• EXERCISE: When the listing below reaches the line that has "The Callisto Protocol", start reproducing exactly; stop after the line that has "Global Hedge Funds", and drop the pictures.

• SOURCE MATERIAL:
+ + + + + + +

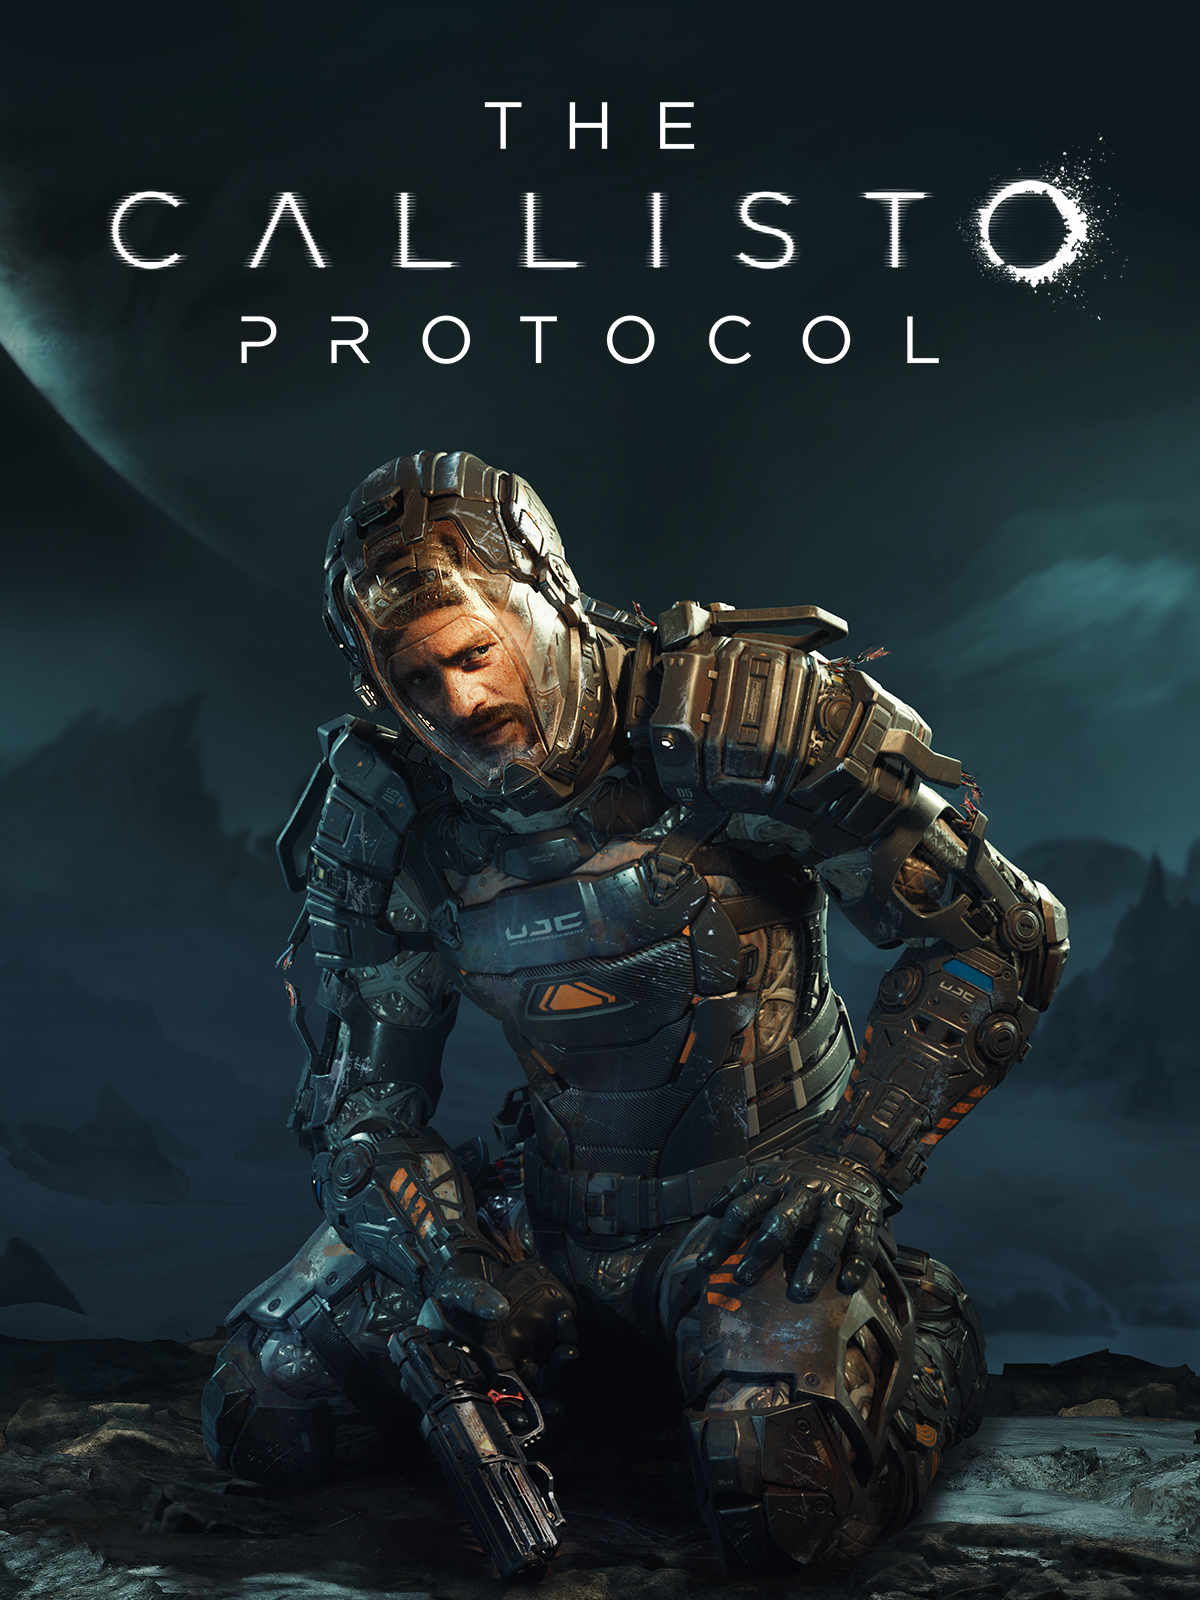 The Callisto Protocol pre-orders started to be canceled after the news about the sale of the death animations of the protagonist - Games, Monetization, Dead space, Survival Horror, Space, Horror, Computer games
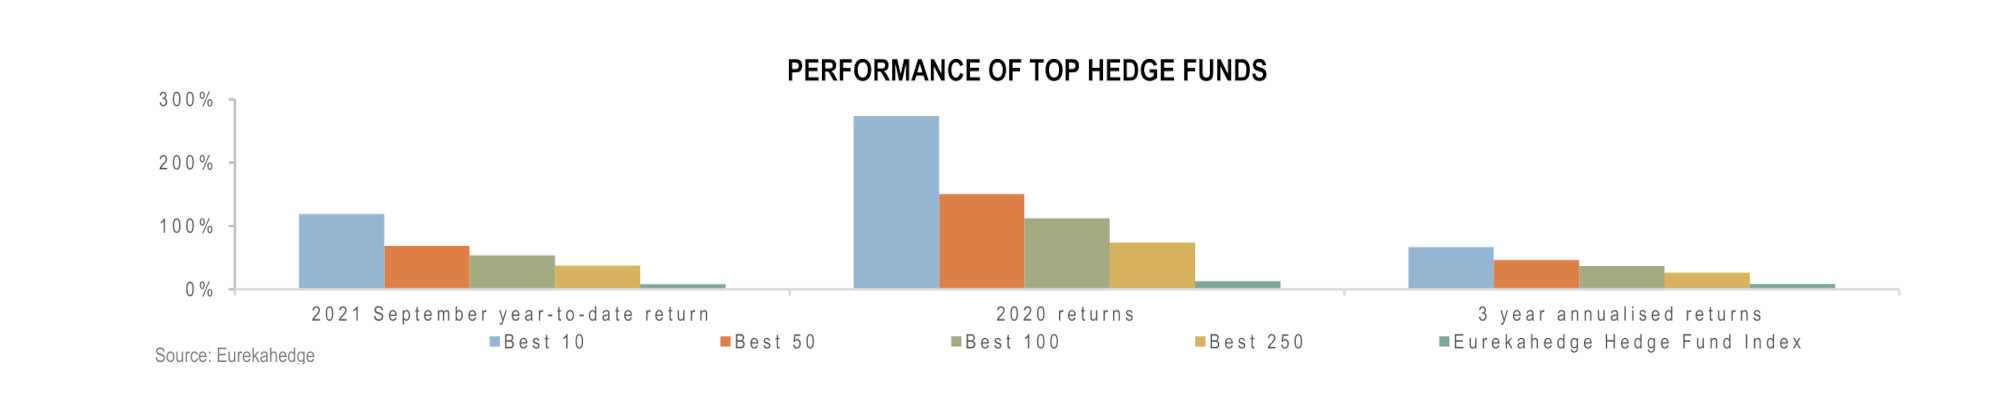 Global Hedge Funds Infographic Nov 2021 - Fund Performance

+ + + + + + +

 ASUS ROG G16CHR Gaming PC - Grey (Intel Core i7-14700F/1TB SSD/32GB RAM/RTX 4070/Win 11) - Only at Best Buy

+ + + + + + +

• SOLUTION FOR THIS EXERCISE:
 The Callisto Protocol pre-orders started to be canceled after the news about the sale of the death animations of the protagonist - Games, Monetization, Dead space, Survival Horror, Space, Horror, Computer games
 Global Hedge Funds Infographic Nov 2021 - Fund Performance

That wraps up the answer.